Obrigado por enviar aquele vídeo sobre a decadência na Irlanda. Foi uma experiência muito humilhante assisti-lo. "Mulheres que matam bebês e homens que não fazem nada," ou algo parecido. De fato, homens que "não fazem nada" e que deram às mulheres o poder de matar seus bebês.

Padres que tinham tanto poder quando eu era jovem e que o cederam a um laicato apático. Freiras que modernizaram suas regras, conventos e hábitos a tal ponto que nenhuma jovem com verdadeira vocação queria entrar.

Houve muitos marcos ao longo do caminho para a ruína, mas acho que, no geral, foi a falta de liderança e autoridade masculina que levou às mudanças sociais que desempenharam um papel importante na destruição da moral e da Igreja.

Eu voltaria à concessão do direito de voto a todas as mulheres, que as colocou no mesmo nível que os homens. Eu teria considerado mais prudente restringir o direito de voto das mulheres à minoria mais instruída e intelectualmente competente.

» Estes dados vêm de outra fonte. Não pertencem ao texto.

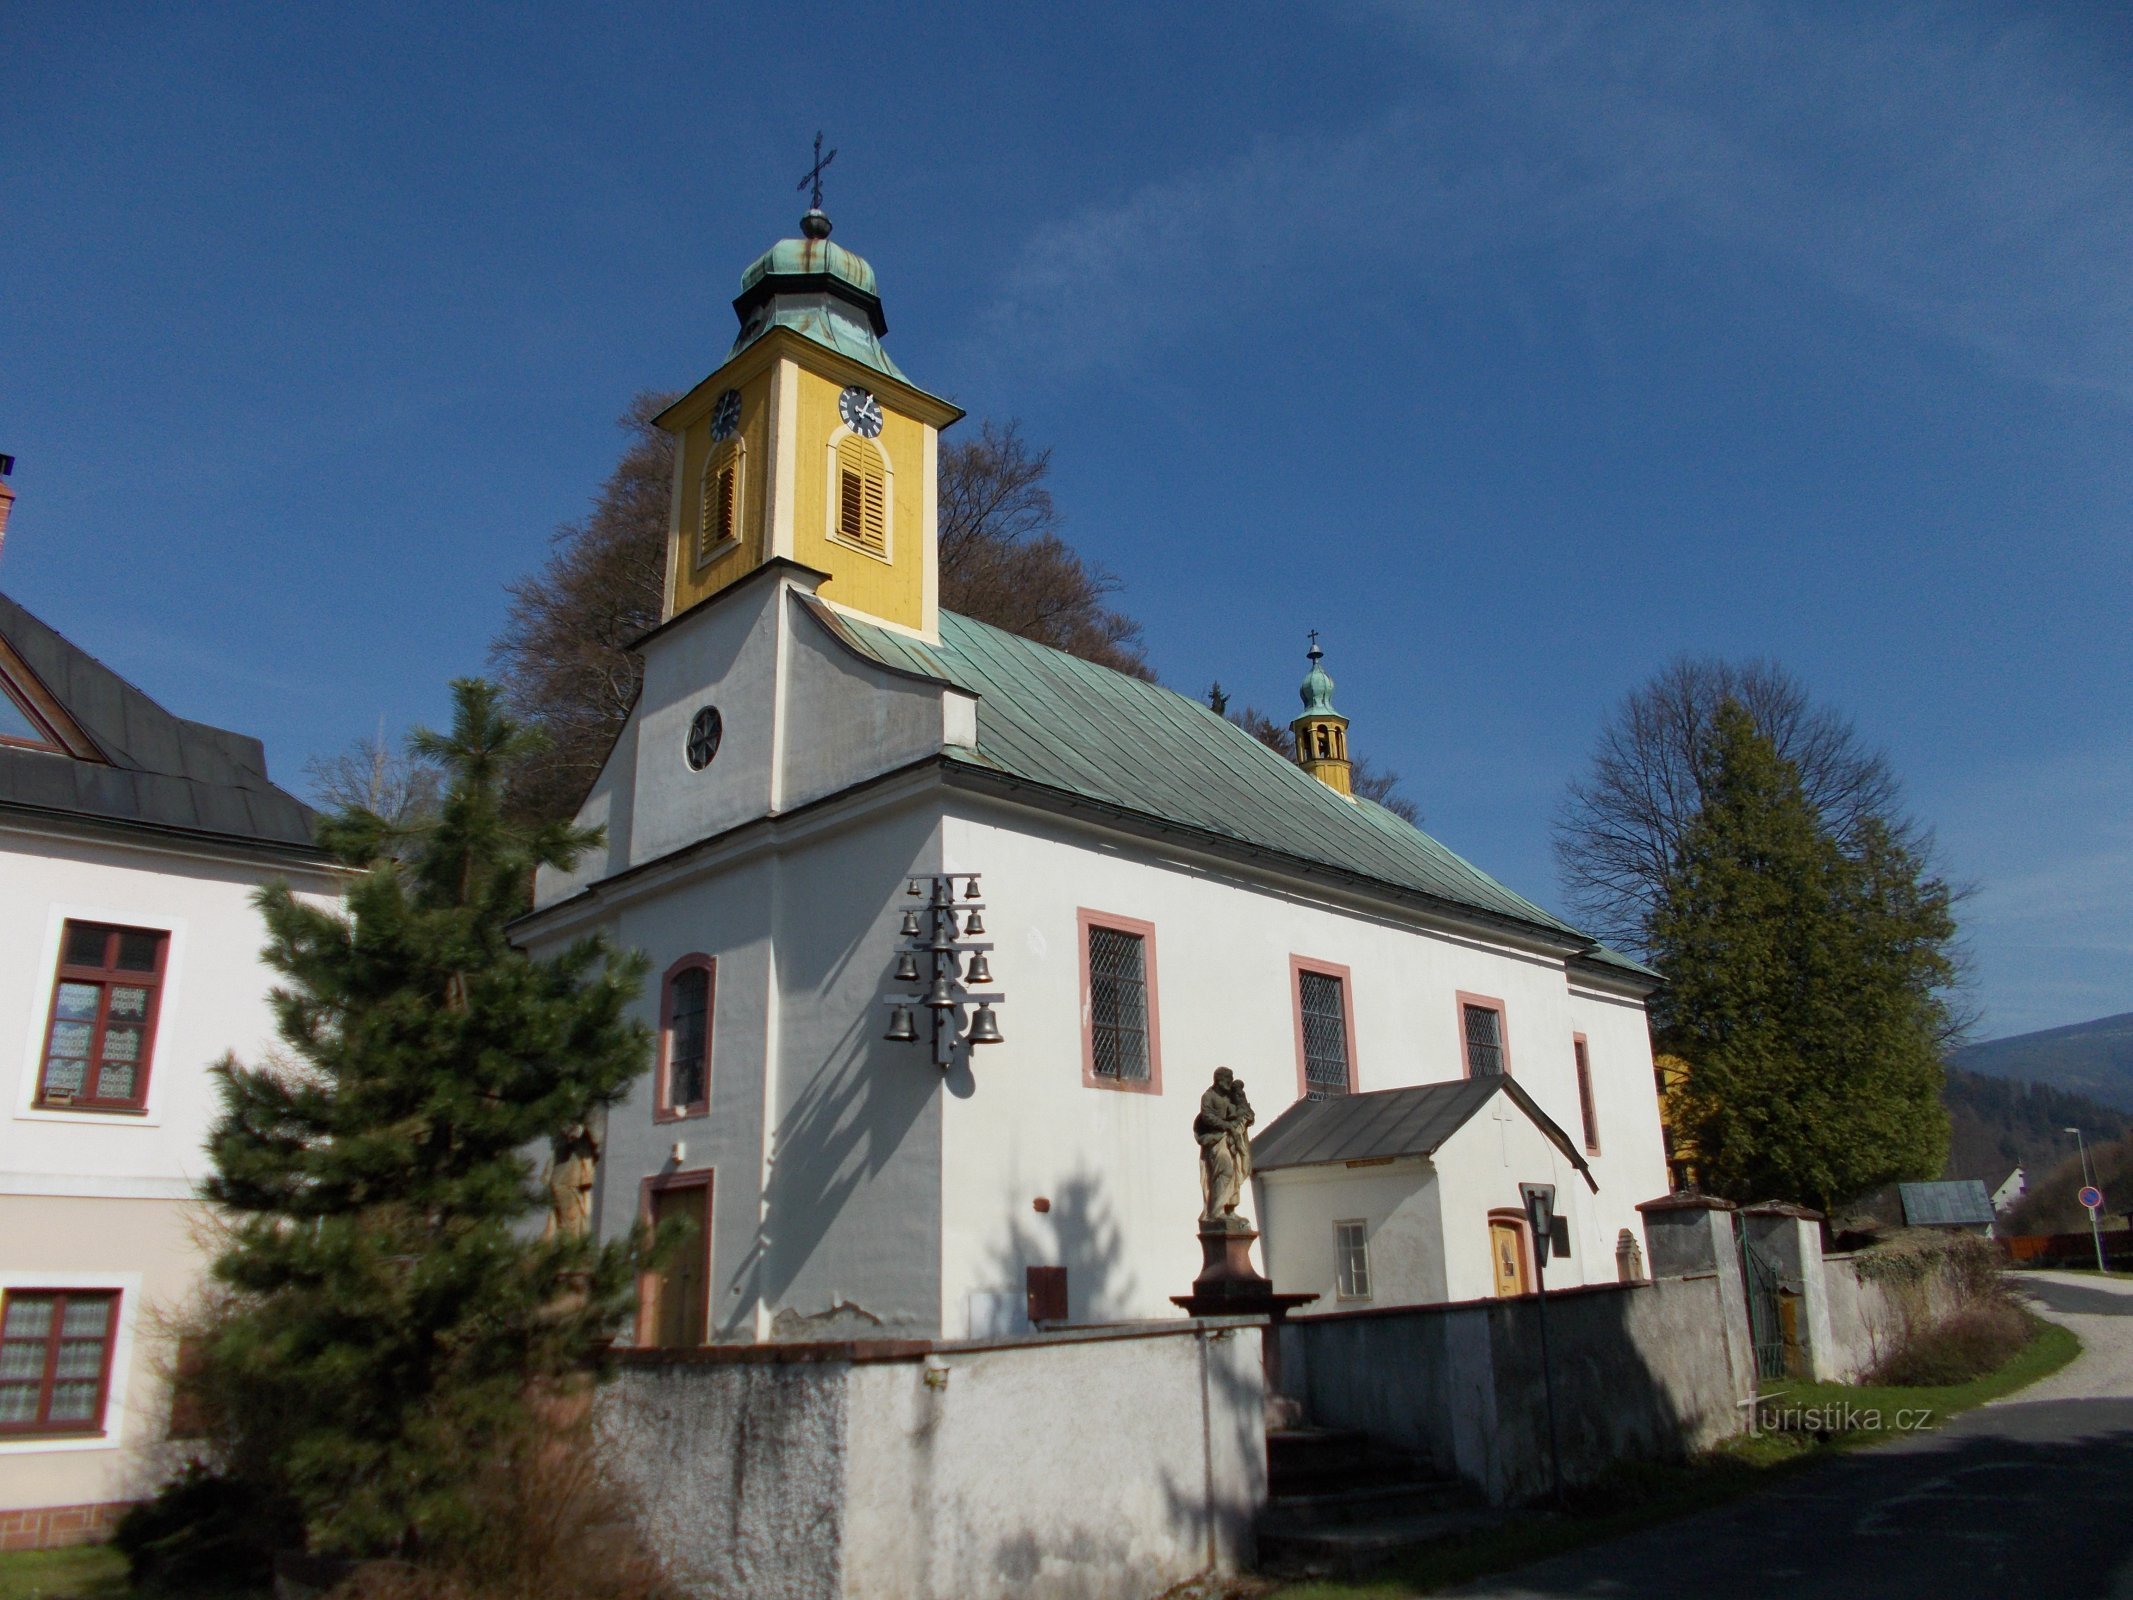 Dolní Dvůr - église de St. Joseph

Depois, houve o fim do estatuto de ilegitimidade, que colocou os filhos bastardos no mesmo nível dos filhos de casais casados e levou à aceitação da mãe solteira. Isso, por sua vez, levou ao declínio de algumas de nossas maiores instituições católicas, onde meninas e mulheres eram reeducadas e reformadas.

O grande declínio no número de freiras e conventos deu origem a um relaxamento das disciplinas aplicadas às meninas. A supervisão do convento deixou de existir.

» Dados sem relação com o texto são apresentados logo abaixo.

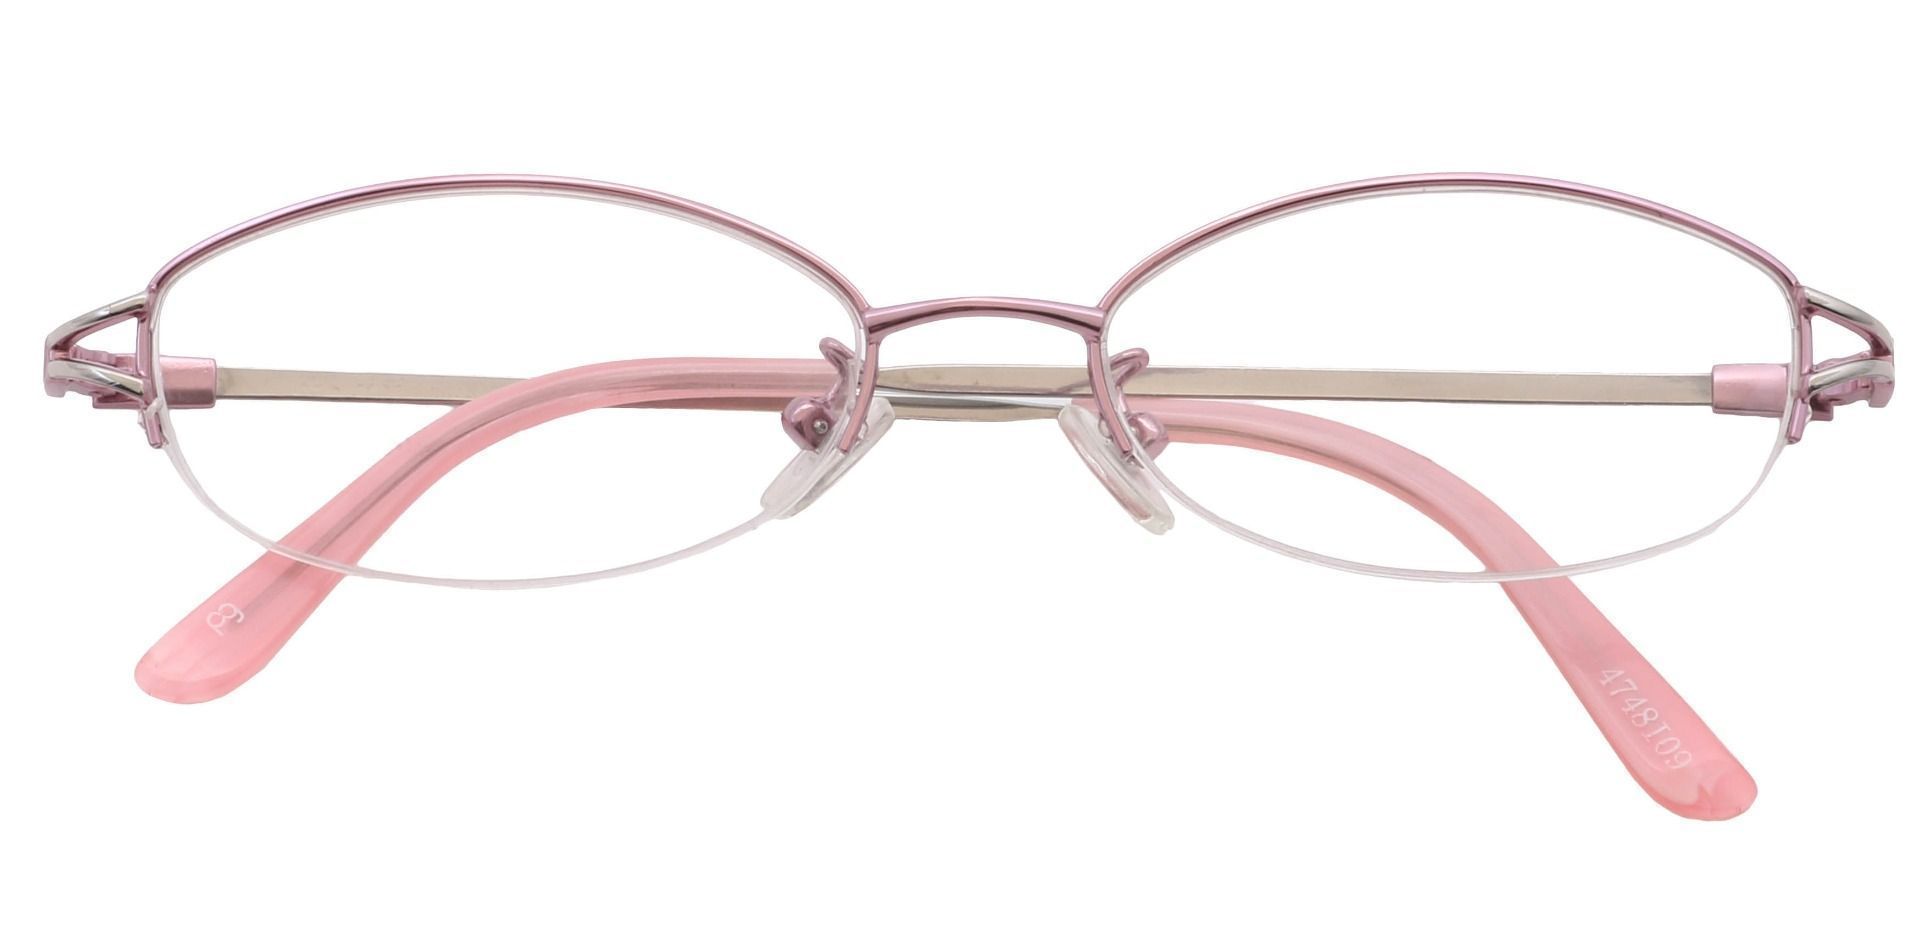 Corsica Oval Eyeglasses Frame - Pink

Os chamados direitos das mulheres seguiram o mesmo caminho. A disponibilidade de contraceptivos, o divórcio e a independência da mulher casada a encheram de orgulho e assertividade, e esse feminismo, misturado com uma boa dose de propaganda socialista, moldou a mulher de hoje, que está longe de ser tão religiosa e piedosa quanto costumava ser. A mulher virtuosa e piedosa já foi a pedra angular da Igreja e agora não está mais entre nós para nos dar sua própria forma de liderança, liderança pelo exemplo, não pela autoridade.

É claro que nossos Padres eram muito fracos. Eles detinham a autoridade máxima na década de 1940 e, em 30 anos, essa autoridade desapareceu. Eles mesmos provocaram isso por sua própria estupidez e pelo desejo de aproximar a Igreja do público.

Perderam o respeito do público e aquele elemento de temor, tão necessário para aqueles que detêm autoridade, desapareceu. As "freiras sorridentes" das décadas de 1950 e 1960 mostram que esse liberalismo e a falta de padrões já estavam presentes na Igreja muito antes do Vaticano II.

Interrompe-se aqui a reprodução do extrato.